··· MATERIAL TO PROCESS

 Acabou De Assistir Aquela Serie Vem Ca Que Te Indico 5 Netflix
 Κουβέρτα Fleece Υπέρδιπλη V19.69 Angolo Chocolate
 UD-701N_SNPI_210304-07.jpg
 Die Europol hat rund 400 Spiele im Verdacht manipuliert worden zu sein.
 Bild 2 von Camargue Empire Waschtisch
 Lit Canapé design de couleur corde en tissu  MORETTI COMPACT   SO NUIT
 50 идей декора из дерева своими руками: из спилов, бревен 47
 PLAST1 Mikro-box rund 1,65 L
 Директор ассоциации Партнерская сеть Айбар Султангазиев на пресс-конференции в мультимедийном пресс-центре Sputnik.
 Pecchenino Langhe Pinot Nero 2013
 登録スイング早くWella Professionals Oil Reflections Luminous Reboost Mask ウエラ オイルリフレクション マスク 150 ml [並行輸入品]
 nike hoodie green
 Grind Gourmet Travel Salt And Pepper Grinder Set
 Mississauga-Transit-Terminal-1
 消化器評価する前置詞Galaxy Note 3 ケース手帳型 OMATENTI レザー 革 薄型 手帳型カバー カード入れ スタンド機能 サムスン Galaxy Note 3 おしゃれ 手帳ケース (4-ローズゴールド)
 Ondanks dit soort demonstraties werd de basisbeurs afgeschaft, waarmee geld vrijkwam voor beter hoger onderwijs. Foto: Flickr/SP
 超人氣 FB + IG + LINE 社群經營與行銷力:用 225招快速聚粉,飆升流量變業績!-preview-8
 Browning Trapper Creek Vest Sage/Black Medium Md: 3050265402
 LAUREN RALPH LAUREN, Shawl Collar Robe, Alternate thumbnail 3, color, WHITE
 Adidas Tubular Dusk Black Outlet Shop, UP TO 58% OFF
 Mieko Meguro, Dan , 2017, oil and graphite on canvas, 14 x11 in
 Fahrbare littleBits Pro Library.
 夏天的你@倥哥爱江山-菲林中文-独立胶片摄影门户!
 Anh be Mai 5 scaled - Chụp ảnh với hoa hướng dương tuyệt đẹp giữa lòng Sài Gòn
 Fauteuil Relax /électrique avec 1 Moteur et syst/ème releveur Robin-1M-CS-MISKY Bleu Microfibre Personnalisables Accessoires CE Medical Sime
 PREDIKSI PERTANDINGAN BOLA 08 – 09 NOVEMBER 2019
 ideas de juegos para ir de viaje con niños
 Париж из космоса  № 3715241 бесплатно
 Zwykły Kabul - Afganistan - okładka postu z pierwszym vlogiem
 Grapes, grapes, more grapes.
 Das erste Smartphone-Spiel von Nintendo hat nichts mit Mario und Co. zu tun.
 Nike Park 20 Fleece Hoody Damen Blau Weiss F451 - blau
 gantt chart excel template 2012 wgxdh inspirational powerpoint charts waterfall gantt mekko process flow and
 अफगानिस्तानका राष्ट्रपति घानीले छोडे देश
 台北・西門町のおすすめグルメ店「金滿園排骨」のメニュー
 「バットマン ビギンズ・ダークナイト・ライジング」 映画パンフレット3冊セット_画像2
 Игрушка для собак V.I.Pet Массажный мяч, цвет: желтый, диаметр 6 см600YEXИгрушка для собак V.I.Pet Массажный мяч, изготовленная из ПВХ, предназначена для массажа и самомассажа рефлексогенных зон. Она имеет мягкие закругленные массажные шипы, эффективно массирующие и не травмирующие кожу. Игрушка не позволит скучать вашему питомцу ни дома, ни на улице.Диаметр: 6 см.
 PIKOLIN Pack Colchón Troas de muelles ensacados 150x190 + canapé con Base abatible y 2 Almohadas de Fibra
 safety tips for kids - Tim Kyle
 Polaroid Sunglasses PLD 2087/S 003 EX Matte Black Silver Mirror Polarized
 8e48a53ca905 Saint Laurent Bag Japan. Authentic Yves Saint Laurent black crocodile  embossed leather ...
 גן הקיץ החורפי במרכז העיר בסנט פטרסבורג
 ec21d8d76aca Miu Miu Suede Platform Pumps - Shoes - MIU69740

······

TASK STATEMENT
Transcribe the full set of records precisely.

EXERCISE RESULT
 Acabou De Assistir Aquela Serie Vem Ca Que Te Indico 5 Netflix
 Κουβέρτα Fleece Υπέρδιπλη V19.69 Angolo Chocolate
 UD-701N_SNPI_210304-07.jpg
 Die Europol hat rund 400 Spiele im Verdacht manipuliert worden zu sein.
 Bild 2 von Camargue Empire Waschtisch
 Lit Canapé design de couleur corde en tissu  MORETTI COMPACT   SO NUIT
 50 идей декора из дерева своими руками: из спилов, бревен 47
 PLAST1 Mikro-box rund 1,65 L
 Директор ассоциации Партнерская сеть Айбар Султангазиев на пресс-конференции в мультимедийном пресс-центре Sputnik.
 Pecchenino Langhe Pinot Nero 2013
 登録スイング早くWella Professionals Oil Reflections Luminous Reboost Mask ウエラ オイルリフレクション マスク 150 ml [並行輸入品]
 nike hoodie green
 Grind Gourmet Travel Salt And Pepper Grinder Set
 Mississauga-Transit-Terminal-1
 消化器評価する前置詞Galaxy Note 3 ケース手帳型 OMATENTI レザー 革 薄型 手帳型カバー カード入れ スタンド機能 サムスン Galaxy Note 3 おしゃれ 手帳ケース (4-ローズゴールド)
 Ondanks dit soort demonstraties werd de basisbeurs afgeschaft, waarmee geld vrijkwam voor beter hoger onderwijs. Foto: Flickr/SP
 超人氣 FB + IG + LINE 社群經營與行銷力:用 225招快速聚粉,飆升流量變業績!-preview-8
 Browning Trapper Creek Vest Sage/Black Medium Md: 3050265402
 LAUREN RALPH LAUREN, Shawl Collar Robe, Alternate thumbnail 3, color, WHITE
 Adidas Tubular Dusk Black Outlet Shop, UP TO 58% OFF
 Mieko Meguro, Dan , 2017, oil and graphite on canvas, 14 x11 in
 Fahrbare littleBits Pro Library.
 夏天的你@倥哥爱江山-菲林中文-独立胶片摄影门户!
 Anh be Mai 5 scaled - Chụp ảnh với hoa hướng dương tuyệt đẹp giữa lòng Sài Gòn
 Fauteuil Relax /électrique avec 1 Moteur et syst/ème releveur Robin-1M-CS-MISKY Bleu Microfibre Personnalisables Accessoires CE Medical Sime
 PREDIKSI PERTANDINGAN BOLA 08 – 09 NOVEMBER 2019
 ideas de juegos para ir de viaje con niños
 Париж из космоса  № 3715241 бесплатно
 Zwykły Kabul - Afganistan - okładka postu z pierwszym vlogiem
 Grapes, grapes, more grapes.
 Das erste Smartphone-Spiel von Nintendo hat nichts mit Mario und Co. zu tun.
 Nike Park 20 Fleece Hoody Damen Blau Weiss F451 - blau
 gantt chart excel template 2012 wgxdh inspirational powerpoint charts waterfall gantt mekko process flow and
 अफगानिस्तानका राष्ट्रपति घानीले छोडे देश
 台北・西門町のおすすめグルメ店「金滿園排骨」のメニュー
 「バットマン ビギンズ・ダークナイト・ライジング」 映画パンフレット3冊セット_画像2
 Игрушка для собак V.I.Pet Массажный мяч, цвет: желтый, диаметр 6 см600YEXИгрушка для собак V.I.Pet Массажный мяч, изготовленная из ПВХ, предназначена для массажа и самомассажа рефлексогенных зон. Она имеет мягкие закругленные массажные шипы, эффективно массирующие и не травмирующие кожу. Игрушка не позволит скучать вашему питомцу ни дома, ни на улице.Диаметр: 6 см.
 PIKOLIN Pack Colchón Troas de muelles ensacados 150x190 + canapé con Base abatible y 2 Almohadas de Fibra
 safety tips for kids - Tim Kyle
 Polaroid Sunglasses PLD 2087/S 003 EX Matte Black Silver Mirror Polarized
 8e48a53ca905 Saint Laurent Bag Japan. Authentic Yves Saint Laurent black crocodile  embossed leather ...
 גן הקיץ החורפי במרכז העיר בסנט פטרסבורג
 ec21d8d76aca Miu Miu Suede Platform Pumps - Shoes - MIU69740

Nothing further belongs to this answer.